Find "Skirt HIGH WAIST DENIM SKIRT DYADK-full-1" and "Купить женские ботинки" in the records below. Copy the lines holding them and every line between, exactly, and no others.

Information supplied »
++++++
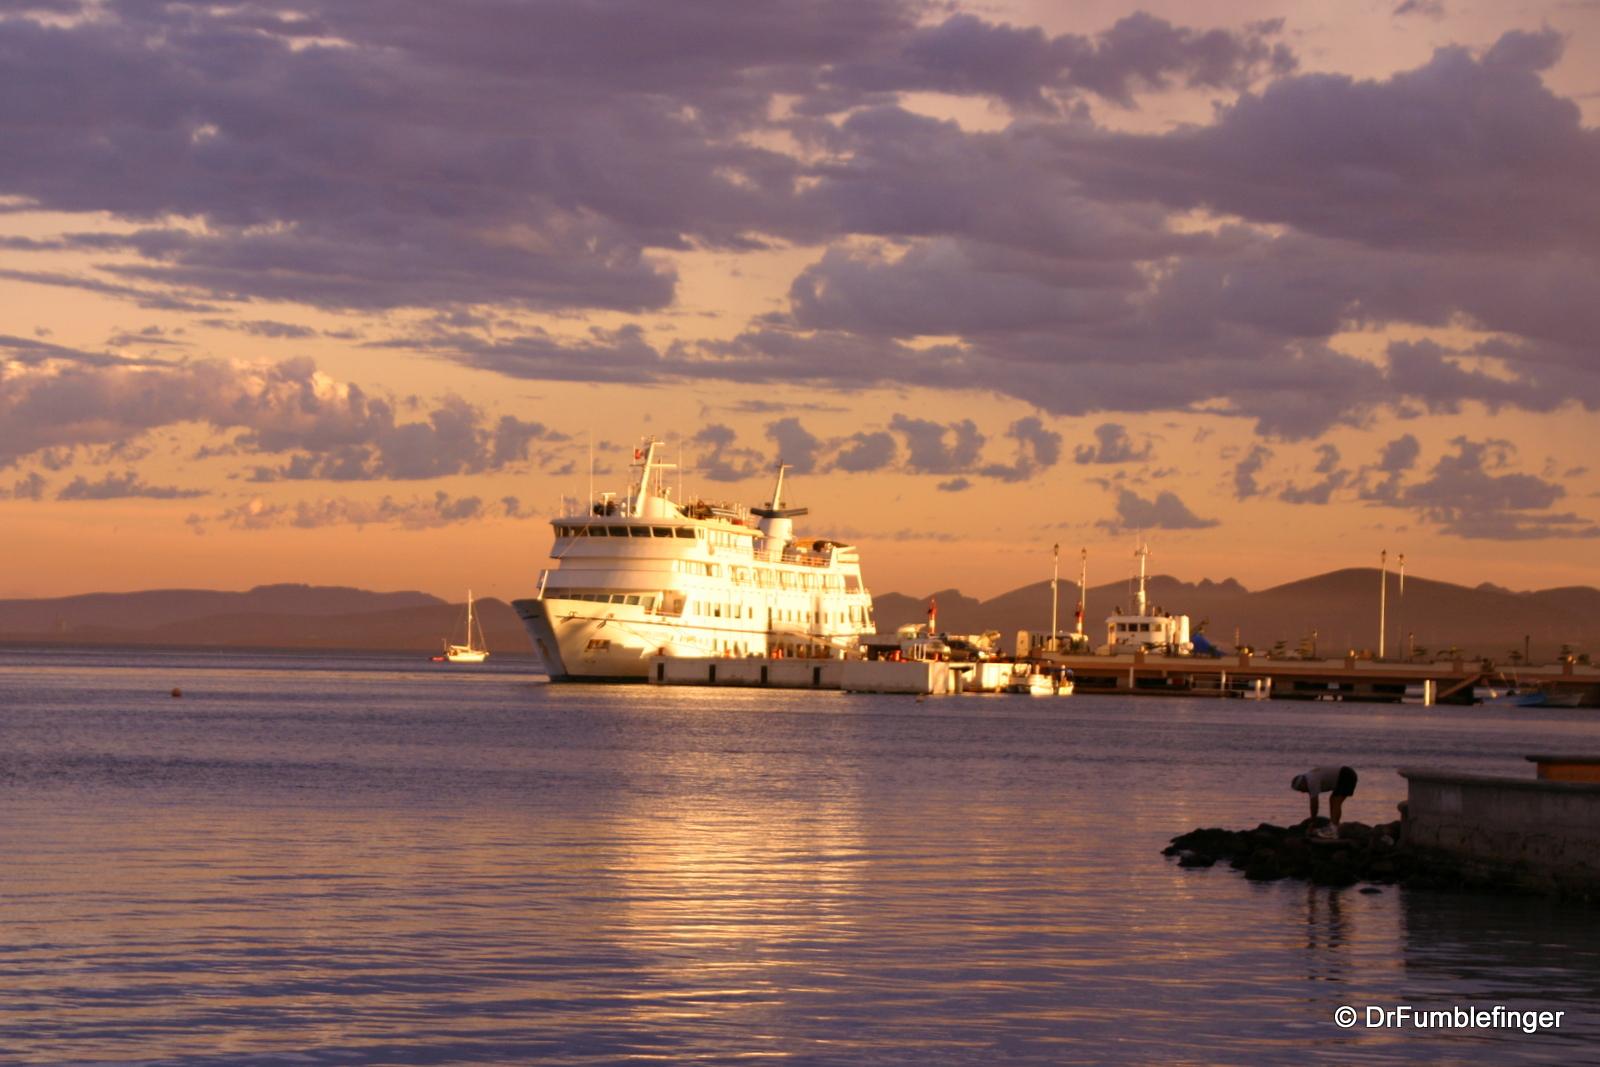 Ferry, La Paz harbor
++++++
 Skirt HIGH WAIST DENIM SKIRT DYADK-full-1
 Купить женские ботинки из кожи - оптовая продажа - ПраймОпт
++++++
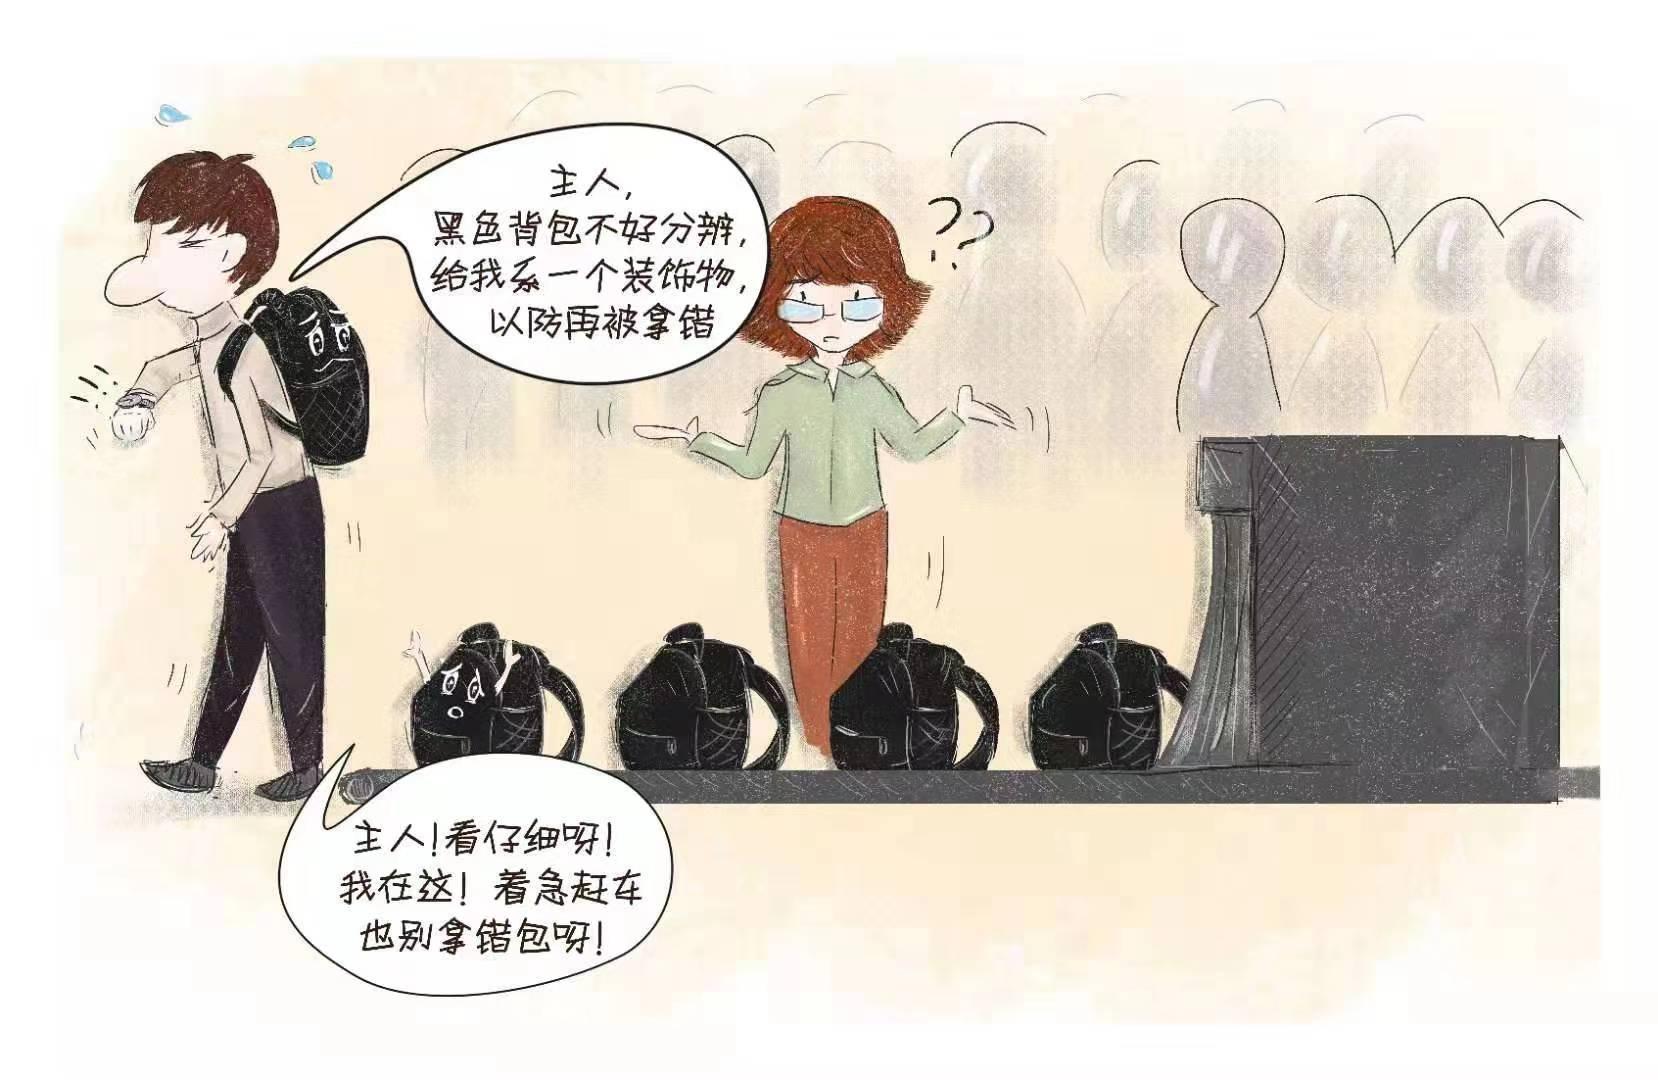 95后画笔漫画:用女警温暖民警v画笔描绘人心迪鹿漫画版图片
++++++
Task answer »
 Skirt HIGH WAIST DENIM SKIRT DYADK-full-1
 Купить женские ботинки из кожи - оптовая продажа - ПраймОпт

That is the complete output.